Single-Sided Liquidity

Adding single-sided liquidity is a powerful DeFi technique that many users overlook or don’t fully understand. Unlike the standard 50:50 setup (where you must deposit equal value of both tokens), single-sided liquidity lets you concentrate your liquidity entirely on one side of the pair, giving you more control over how your assets are used.
Think of it like setting a limit order on a traditional exchange: you’re choosing a price range where you’re willing to trade one asset for another. Outside of that range, you simply hold your chosen asset. It’s a bit like saying, "Will sell my USDC for ES only if ES drops to my target price range." This approach can be more capital-efficient and strategic, but it requires careful planning.
Quick tutorial step by step
- Make sure you’re in "Range" mode and have AutoSwap set to "Basic", just like in the screenshot below.
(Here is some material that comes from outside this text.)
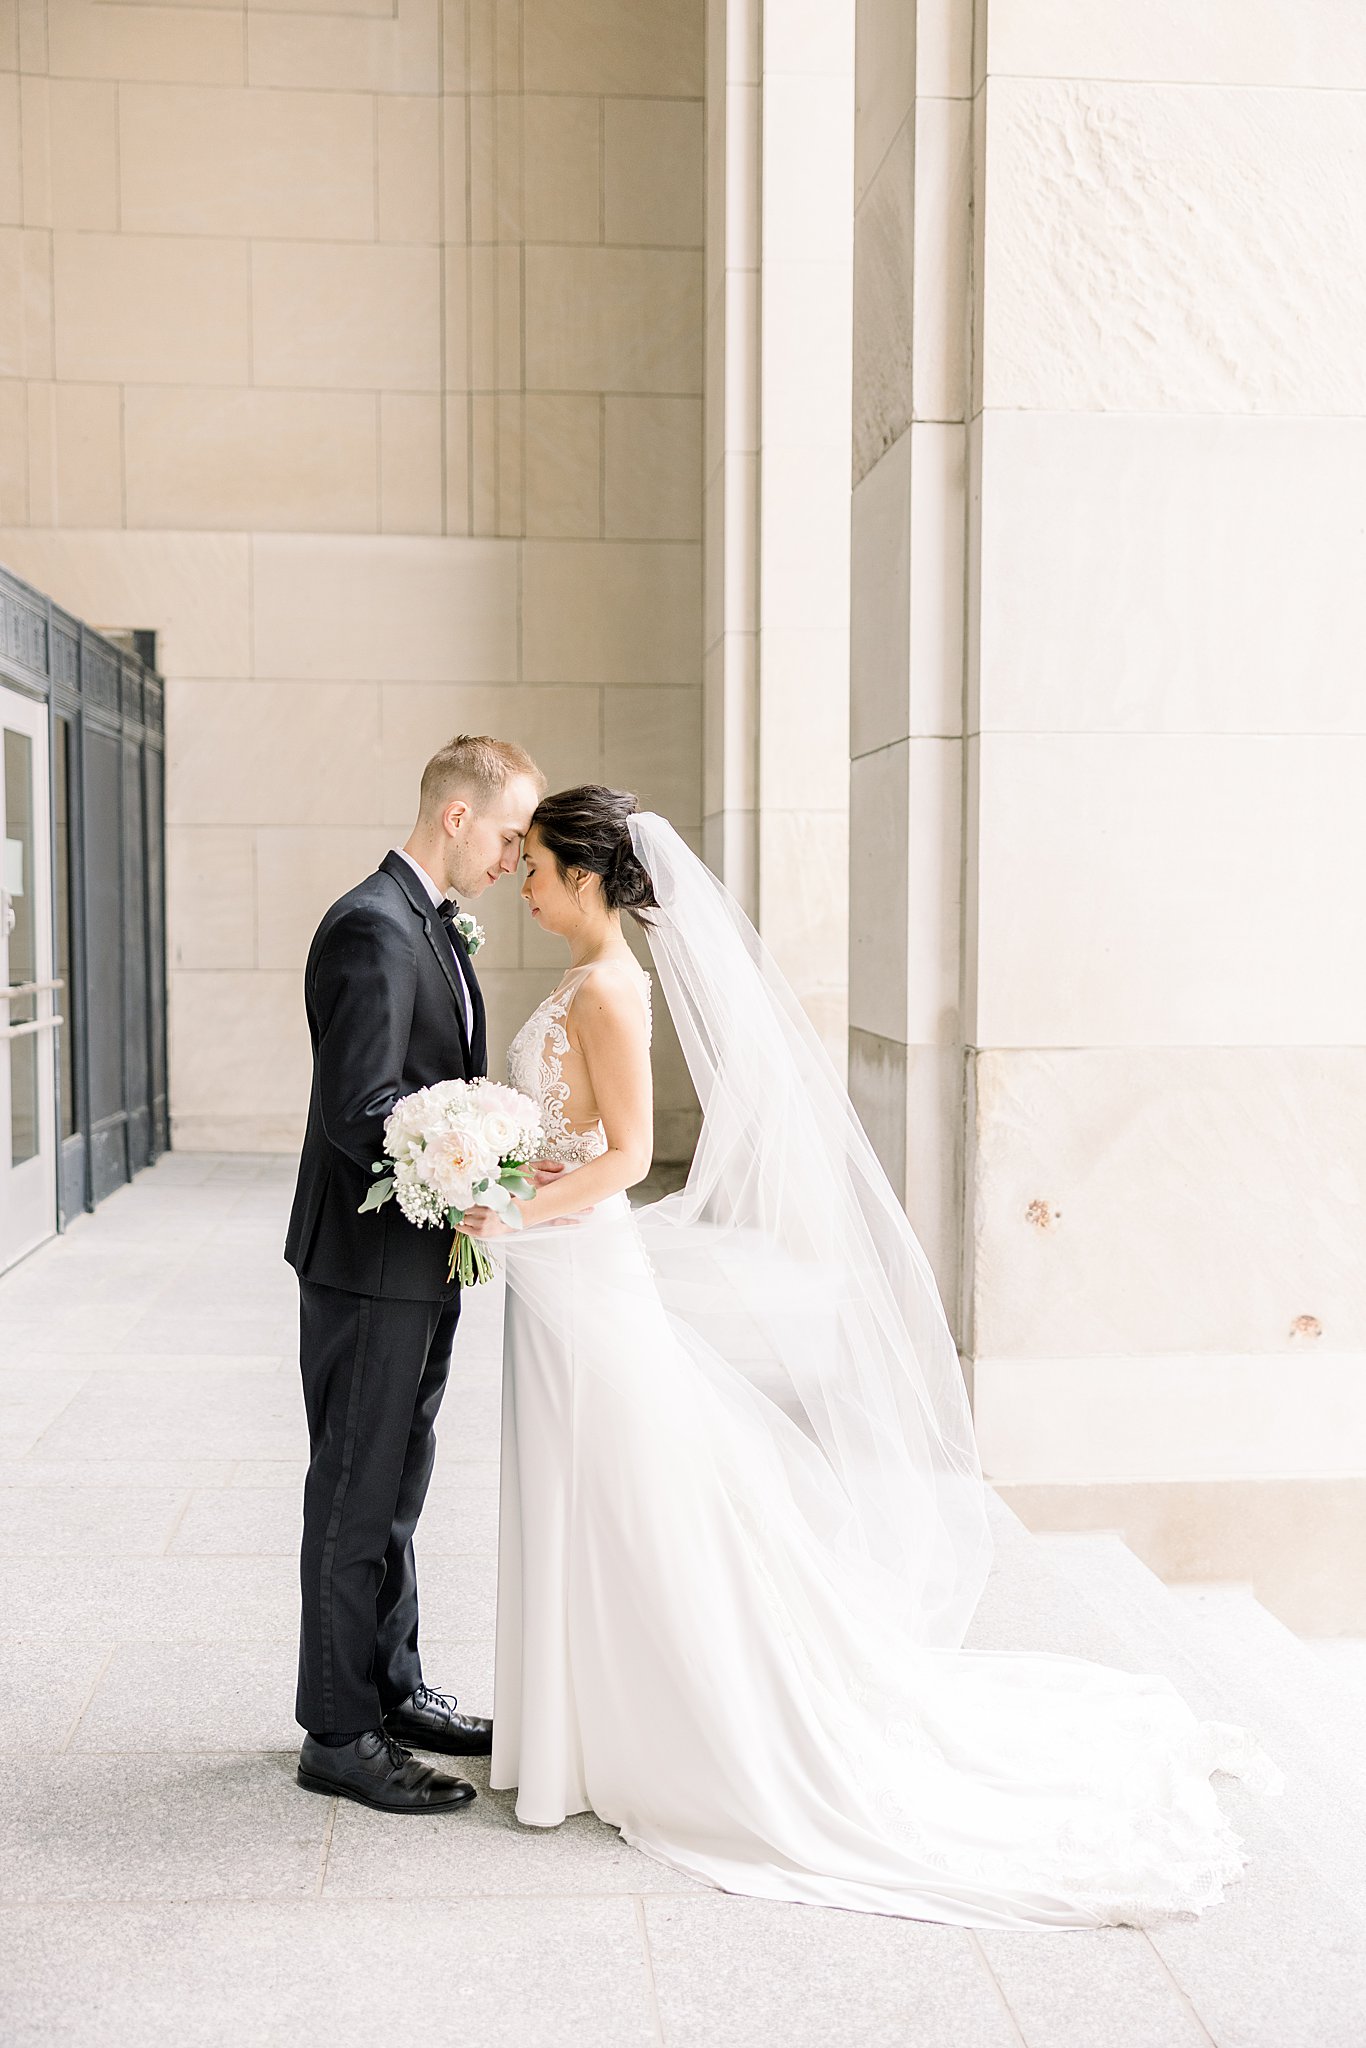 Bride and groom portraits downtown Grand Rapids during elegant Grand Rapids wedding.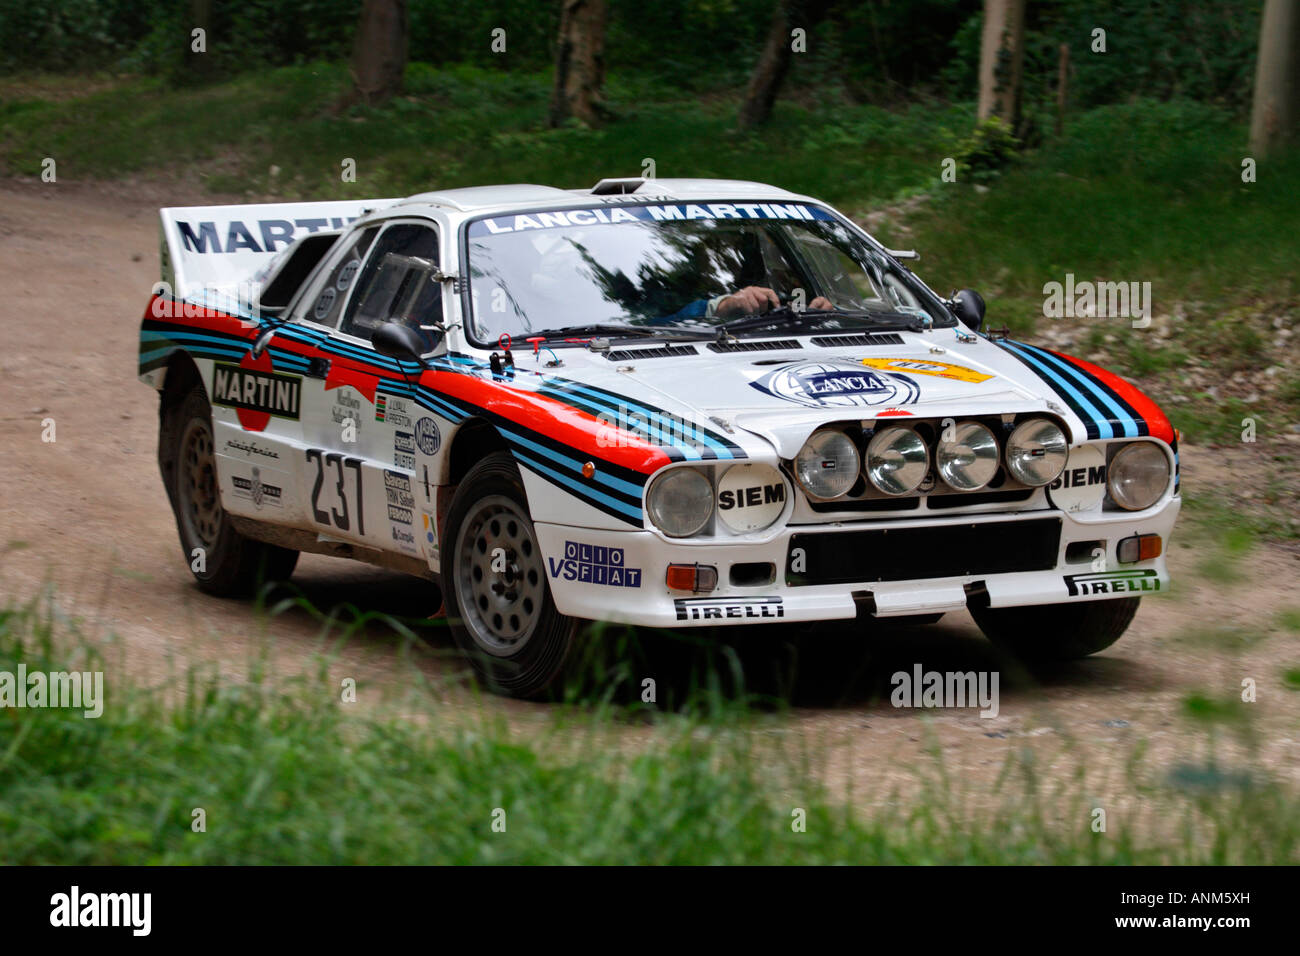 Lancia Martini Historic Rally Car On The Rally Section At Goodwood Festival Of Speed West Sussex Stock Photo

- Take a look at the Current Price value, which is shown on the chart as a vertical yellow line. We’ll be setting up single-sided liquidity relative to this value. The Current Price for the ES token is currently set at 0.6 USDC.

- The default range is distributed symmetrically around the Current Price. In this setup, you get a 50:50 ratio, which means you need to add equal value of both tokens. To provide single-sided liquidity, the "MIN" and "MAX" indicators must be positioned to the left of the line marking the Current Price.

- As you can see in the screenshot below, I’ve set the price range around $0.49–$0.57. How will my position behave now and after the ES token launch? Let's break it down.

Currently – The position will remain inactive because trading for ES hasn’t started yet.
After TGE (starting price $0.6) – Trading for the ES token has started, but its price is outside my price range. The position remains inactive.
After TGE (price drop to $0.56) – The position becomes active because the market price of ES has entered my price range. Part of the USDC I previously added to the position gets swapped for ES tokens. Current position ratio: USDC 85:15 ES.
After TGE (price drop to $0.53) – The position is active, and the ES price is now exactly in the middle of my price range. More of the USDC I added earlier gets swapped for ES tokens. Current position ratio: USDC 50:50 ES.
After TGE (price drop to $0.48) – The position is inactive because the ES price is now below my price range. All of the USDC I added earlier has been swapped for ES tokens. Current position ratio: USDC 0:100 ES.
What happens if the ES price starts going back up? The same process, just in reverse: if the price moves above my price range, the position will shift back to 100% USDC, just as it was when it was originally added. Meanwhile, I will be earning a significant amount of fees, especially when the price is volatile, as well as Invariant Points thanks to adding single-sided liquidity ahead of other users.